Model Voxel Size mAcc (%) mIoU (%) Reference
MinkowskiNet42 2cm - 72.2 Official GitHub
MinkowskiNet42 2cm 81.4 72.1 Checkpoint
FastPointTransformer 2cm 81.2 72.5 Checkpoint
MinkowskiNet42 5cm 76.3 67.0 Checkpoint
FastPointTransformer 5cm 78.9 70.0 Checkpoint
MinkowskiNet42 10cm 70.8 60.7 Checkpoint
FastPointTransformer 10cm 76.1 66.5 Checkpoint

Installation

This repository is developed and tested on

  • Ubuntu 18.04 and 20.04
  • Conda 4.11.0
  • CUDA 11.1
  • Python 3.8.13
  • PyTorch 1.7.1 and 1.10.0
  • MinkowskiEngine 0.5.4

Environment Setup

You can install the environment by using the provided shell script:

~$ git clone --recursive [email protected]:POSTECH-CVLab/FastPointTransformer.git
~$ cd FastPointTransformer
~/FastPointTransformer$ bash setup.sh fpt
~/FastPointTransformer$ conda activate fpt

Training & Evaluation

First of all, you need to download the datasets (ScanNetV2 and S3DIS), and preprocess them as:

(fpt) ~/FastPointTransformer$ python src/data/preprocess_scannet.py # you need to modify the data path
(fpt) ~/FastPointTransformer$ python src/data/preprocess_s3dis.py # you need to modify the data path

And then, locate the provided meta data of each dataset (src/data/meta_data) with the preprocessed dataset following the structure below:

${data_dir}
├── scannetv2
│   ├── meta_data
│   │   ├── scannetv2_train.txt
│   │   ├── scannetv2_val.txt
│   │   └── ...
│   └── scannet_processed
│       ├── train
│       │   ├── scene0000_00.ply
│       │   ├── scene0000_01.ply
│       │   └── ...
│       └── test
└── s3dis
    ├── meta_data
    │   ├── area1.txt
    │   ├── area2.txt
    │   └── ...
    └── s3dis_processed
        ├── Area_1
        │   ├── conferenceRoom_1.ply
        │   ├── conferenceRoom_2.ply
        │   └── ...
        ├── Area_2
        └── ...

After then, you can train and evalaute a model by using the provided python scripts (train.py and eval.py) with configuration files in the config directory. For example, you can train and evaluate Fast Point Transformer with voxel size 4cm on S3DIS dataset via the following commands:

(fpt) ~/FastPointTransformer$ python train.py config/s3dis/train_fpt.gin
(fpt) ~/FastPointTransformer$ python eval.py config/s3dis/eval_fpt.gin {checkpoint_file} # use -r option for rotation averaging.

Consistency Score

You need to generate predictions via the following command:

(fpt) ~/FastPointTransformer$ python -m src.cscore.prepare {checkpoint_file} -m {model_name} -v {voxel_size} # This takes hours.

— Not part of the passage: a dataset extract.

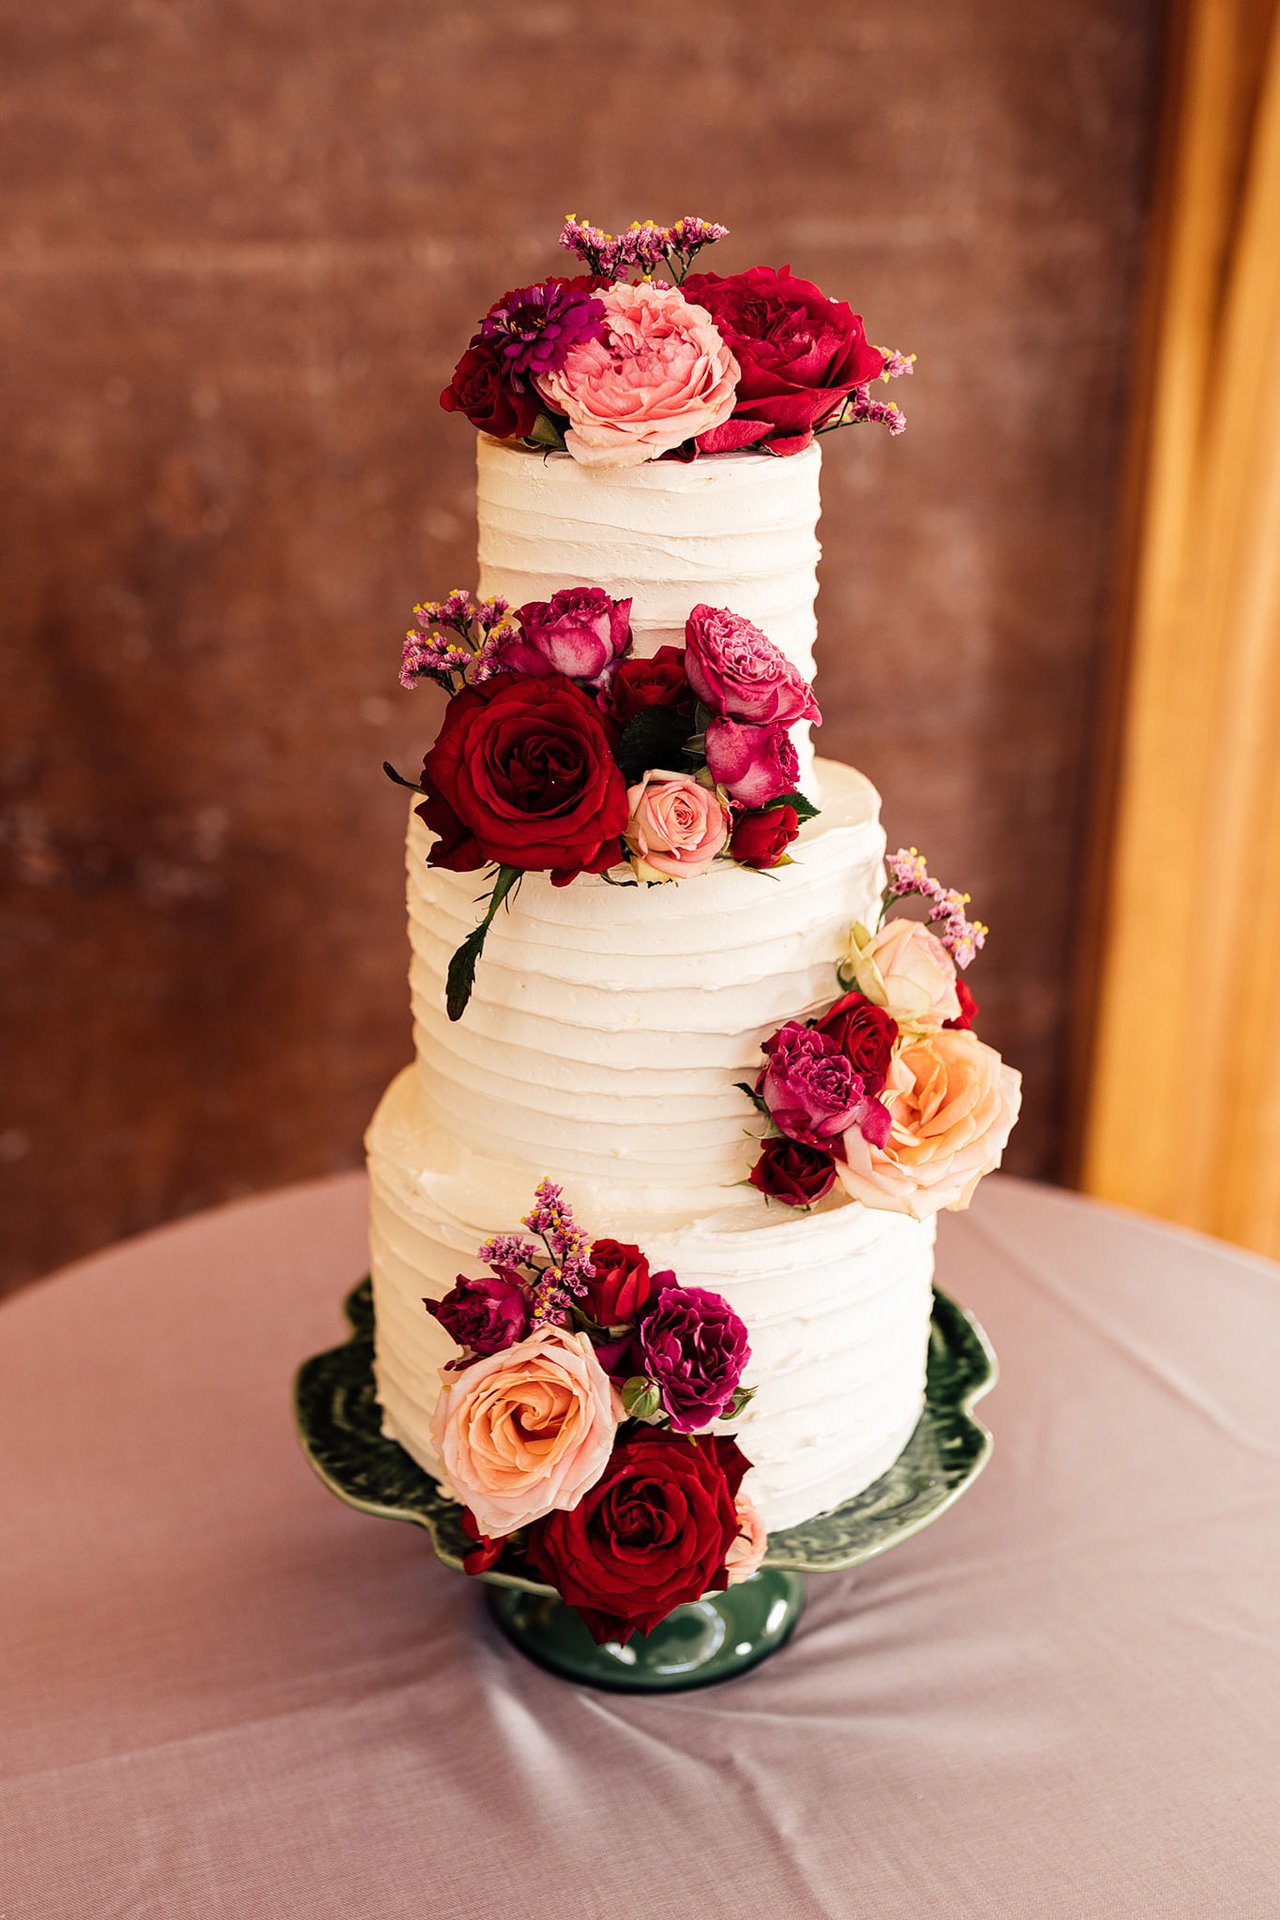 Three tier white wedding cake with real pink and red flowers for fun party wedding reception at cotswolds venue elmore court

Then, you can calculate the consistency score (CScore) with:

(fpt) ~/FastPointTransformer$ python -m src.cscore.calculate {prediction_dir} # This takes seconds.

3D Object Detection using VoteNet

Please refer this repository.

Acknowledgement

Our code is based on the MinkowskiEngine. We also thank Hengshuang Zhao for providing the code of Point Transformer. If you use our model, please consider citing them as well.

Comments
  • How to get the access to wandb?

    How to get the access to wandb?

    An error is reported when training the dataset, saying "Error while calling W&B API: permission denied (<Response [403]>)". I checked the documentation of wandb and it says I don't have the project permissions. I want to know how to get the permission, thanks for your help!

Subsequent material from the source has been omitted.